原子炉圧力容器の脆化(ぜいか)の予測は可能だろうか ―40年超の関電・美浜原発3号機の再稼働は許されるのか―
2020年9月、原子力規制委員会(以下、規制委員会)は審査の結果、日本電気協会(以下、協会)が新たに定めた規格「JEAC4206-2016」をエンド―ス(是認)しないと結論した。協会は再検討を求められている。規制する側が電力業界側の規格を認めなかったことは、かつてなかった。原発の心臓にあたる圧力容器がどのように劣化していくのか、予想する方法を見いだせない懸念が生じているわけである。

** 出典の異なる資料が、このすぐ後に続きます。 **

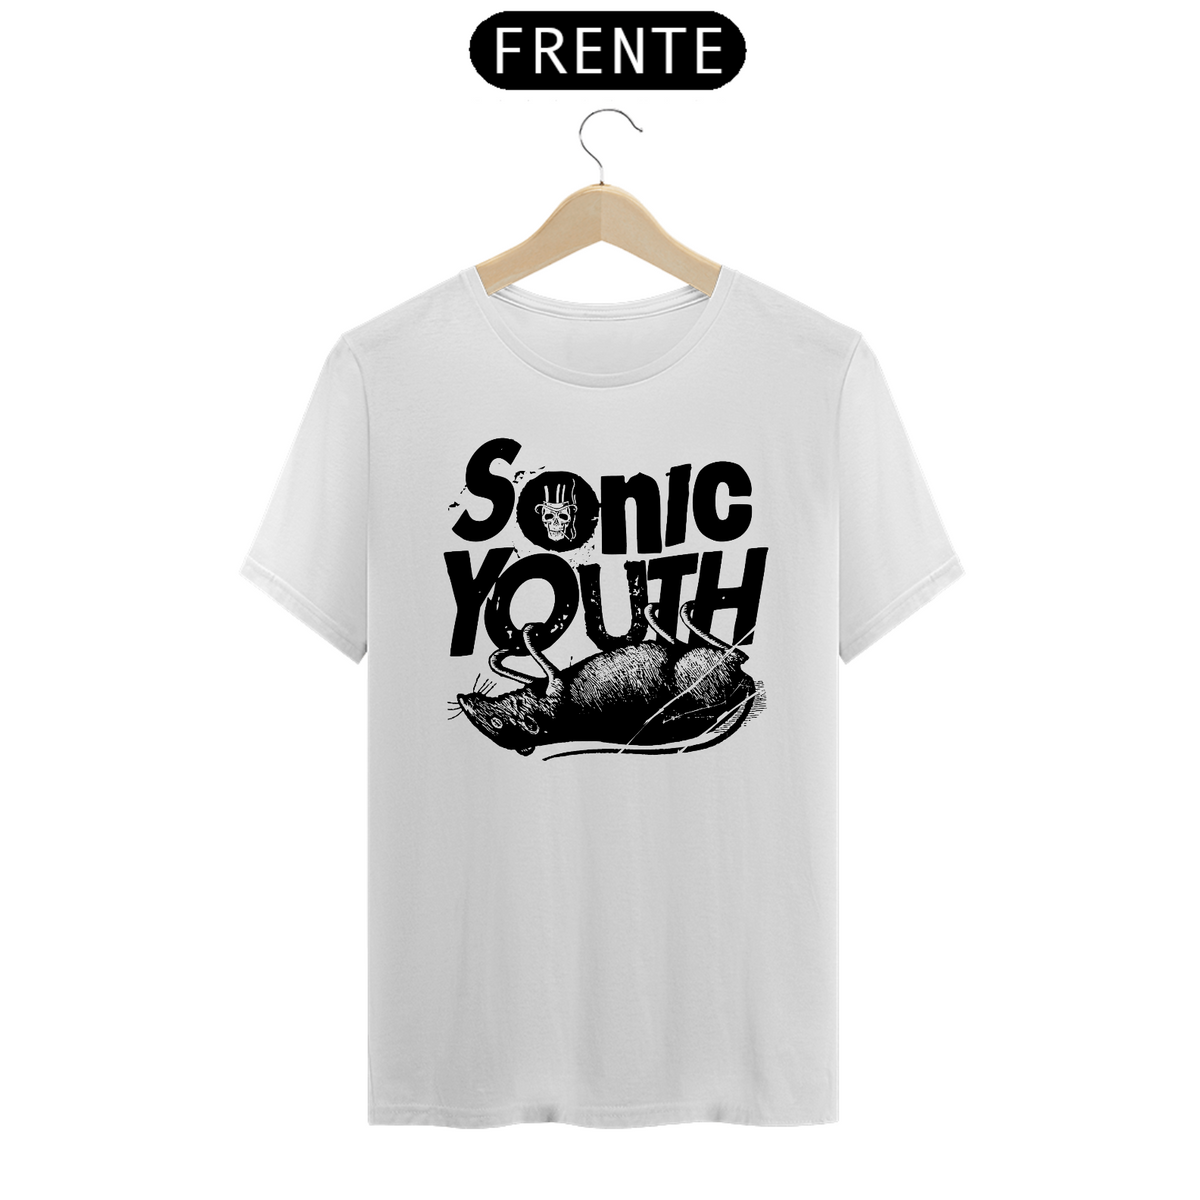 Nome do produto: Sonic Youth

1) 原発の圧力容器の安全性を保証するための規格は協会がつくり、国(規制委員会)がこれをエンドースする仕組みだ。原発の運転経験を積んで知見が増えてくると、それを取り入れて協会が数年に一度改訂する。もっともなことである。ところが、協会の最新の2016年改訂版が不十分だと判断されて、規制委員会は協会に見直しを求めたのである。現在、40年超の美浜原発3号機が再稼働されようとしているが、老朽化が懸念される圧力容器の健全性は保証されるのだろうか? ややこしい話だが、老朽化と破壊のおそれについて、すこし丁寧に述べてみよう。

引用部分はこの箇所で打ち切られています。